Клея покачала головой. Слово «нравлюсь» не могло описать ее чувств к нему.
— Черт знает что, — прошептал он тихо.
— Черт знает что, — печально согласилась она.
Она понимала, что надо как можно скорее высвободиться из его объятий, прервать этот опасный для нее физический контакт, но никакого желания обороняться у нее не было, хотелось только одного — как можно теснее прижаться к нему. Макс охотно пошел ей навстречу: некоторое время они стояли, обнявшись.
— Ой, кофе… — вспомнила вдруг Клея.
— Спасибо, после всего, что произошло, мне уже никакого кофе не хочется. — Максу стало даже немного смешно. Он направился к двери и, взявшись за ручку, обернулся к ней и спросил: — Пойдем в ресторан завтра вечером?
Этого Клея никак не ожидала. Неужели ему не противно видеть ее после такого скандала?
— Я не знаю…
— Ну, хорошо, пересмотрим формулировку моего предложения, — деловито сказал он. — Ты пойдешь со мной в ресторан завтра вечером, Клея, — сказал он тоном, не терпящим возражений. — А пока подумай, когда познакомишь меня со своими родителями. Ну, до завтрашнего вечера. Я заеду в семь.

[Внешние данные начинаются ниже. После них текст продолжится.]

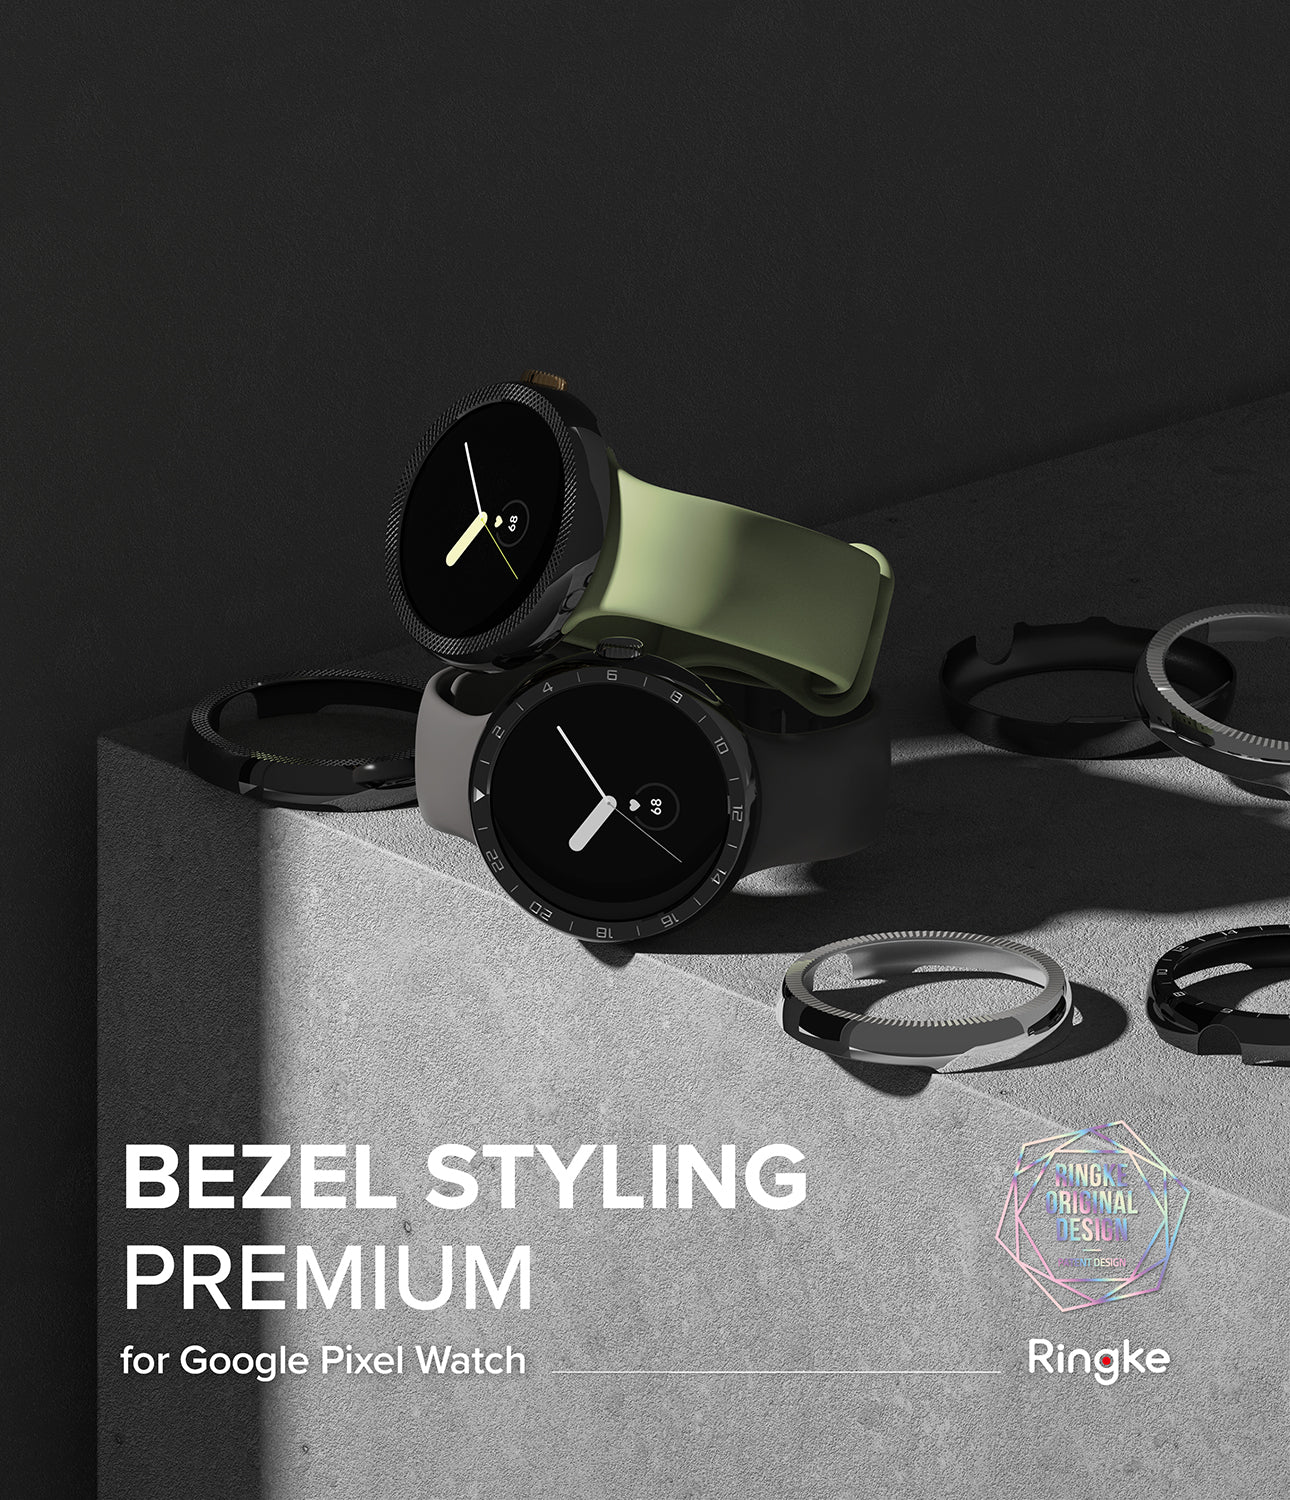 Bezel Styling Premium for Google Pixel Watch.
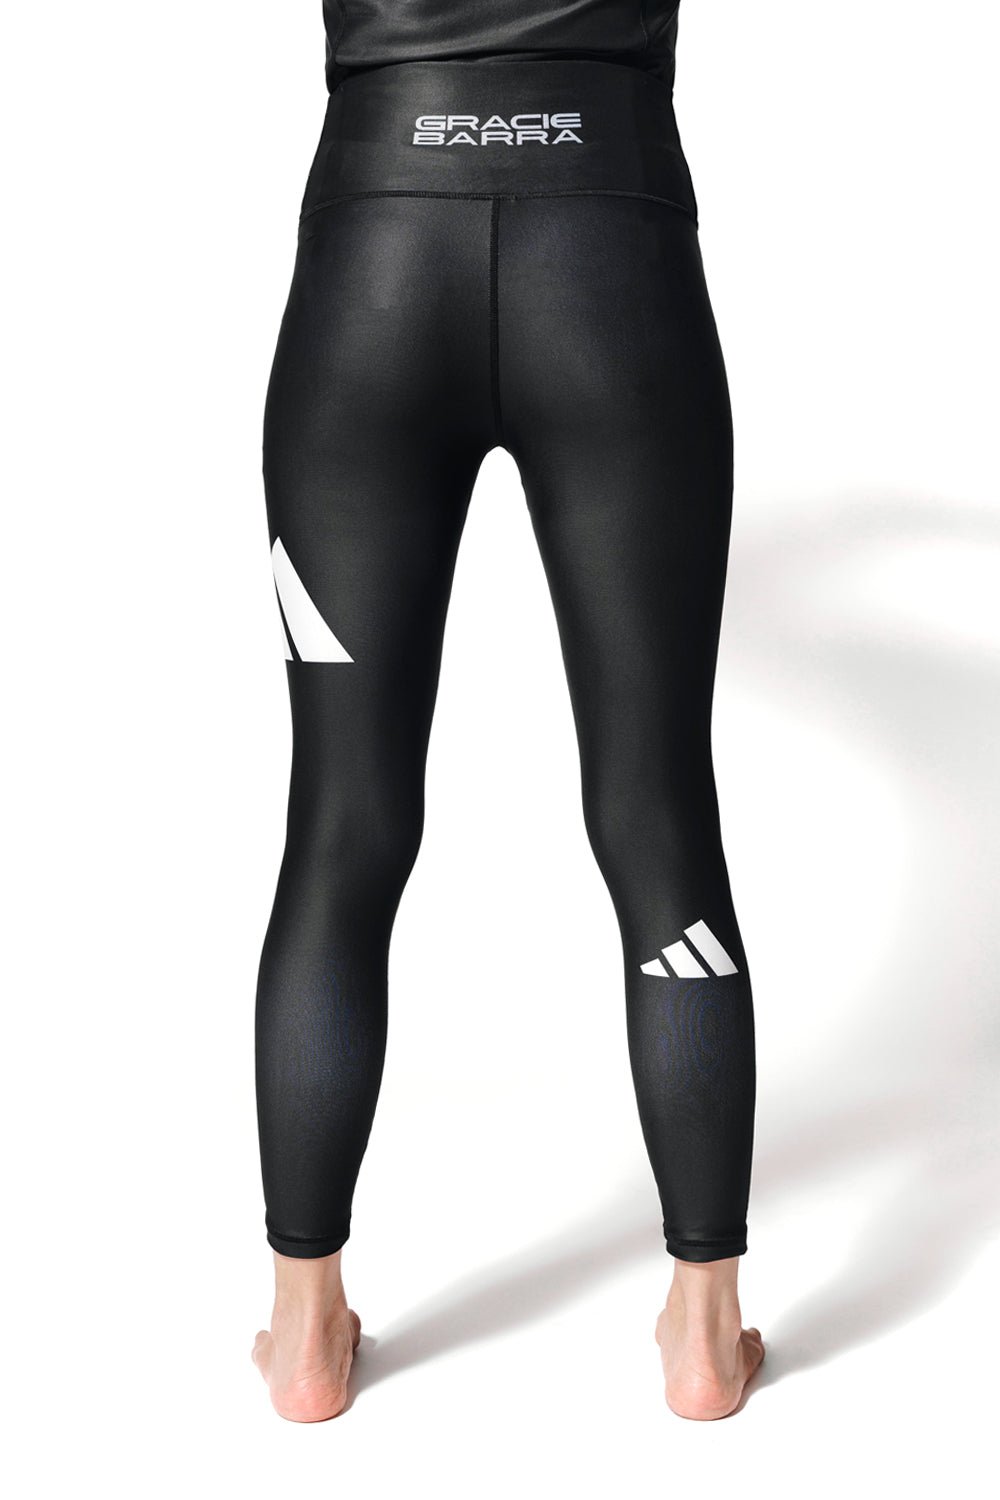 Womens Barra Performance Compression Pants by adidas® - Black – GB

Произнеся эти прощальные слова, которые звучали, как всегда у него, немного торжественно, он больше уже не задерживался и быстро исчез, оставив Клею в легком изумлении.
Что с ними происходит? Вечером Клея и так, и эдак обдумывала поведение Макса. Как все это было странно и непохоже на него. Свой собственный нервный срыв она могла легко объяснить: она всегда зависела от Макса гораздо больше, чем он от нее. Но сегодня он действовал как-то по-особенному, сегодня он пытался ослабить ее бдительность. Каждое его слово, каждый жест были тщательно им продуманы, он явно хотел как-то встряхнуть ее, заставить ее посмотреть на него другими глазами. Что же он задумал?
Клея так и не смогла разгадать его планов, хотя почти всю ночь и весь следующий день думала только о нем — до одури, до головокружения.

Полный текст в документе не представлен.